They saw a breach, which they sought to fill by putting Rs 50,000 each into a venture of their own. Three months later, they did their first deal, helping Dr Reddy's Laboratories clinch a small Rs 25 crore acquisition. It got MAPE its first fee: Rs 50 lakh. By this time, Garg, who was also at DSP Merrill Lynch, had come on board as the third co-founder. Soon it was raining deals. At last count, MAPE had done 90 of them, worth a total $3.5 billion.

It could have been 91 deals, but MAPE's efforts to help a large company, which Mathew would not name, acquire one of consumer products company Jyothy Laboratories' brands fell through. But Ramprasad and Mathew stayed in touch with Jyothy, which had been eyeing Henkel India. The trouble was that Henkel's German parent was proving to be intransigent.

MAPE took the Jyothy people three or four times to Germany and told Henkel they would pay the best price. But the Germans had their own processes and decided to conduct an auction.

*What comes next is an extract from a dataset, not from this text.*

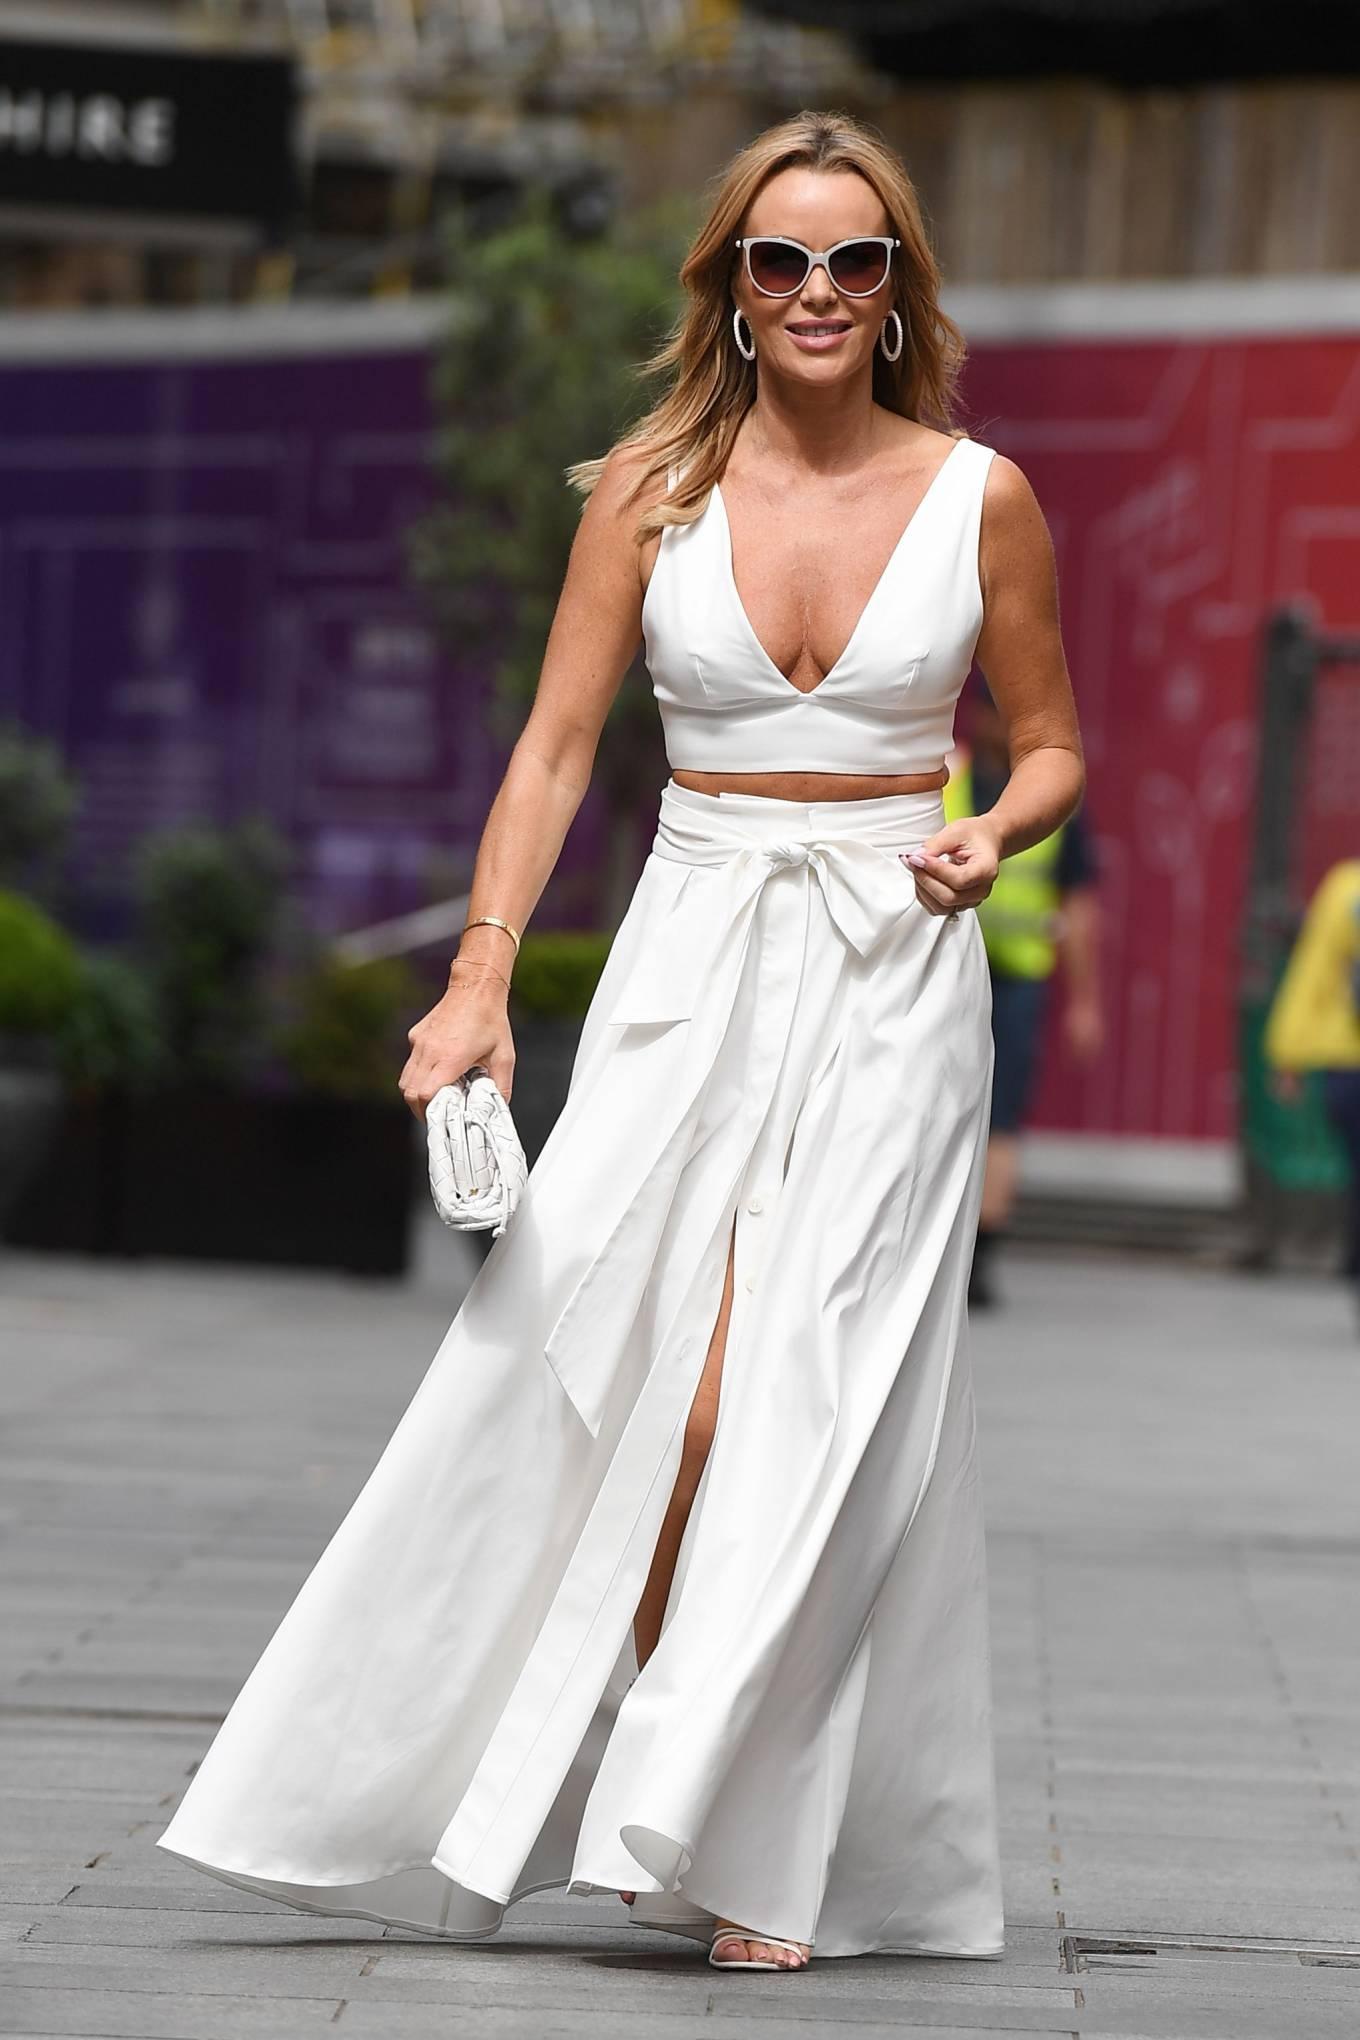 Amanda Holden 2021 : Amanda Holden – In a white dress at Global Studios in London-17

The day the auction began, MAPE helped Jyothy buy the 14.5 per cent stake held by A.C. Muthiah, former chairman of Southern Petrochemicals Industries Corporation, in Henkel India. Once Jyothy had this chunk, no one else wanted to bid for the company and it fell into Jyothy's lap.

 
Ajay Garg
Ajay Garg
| Equirus Capital | Beginning: July 2007 | First deal: February 2008 | No. of deals: 52 | Value: Rs 6,300 crore | Size of the team: 20
"The problem with the large investment banks is that they want at least $2 million (Rs 11.2 crore) to $3 million (Rs 16.8 crore) in revenues. But there are not so many large deals around. We are happy with Rs 2-3 crore," says Mathew.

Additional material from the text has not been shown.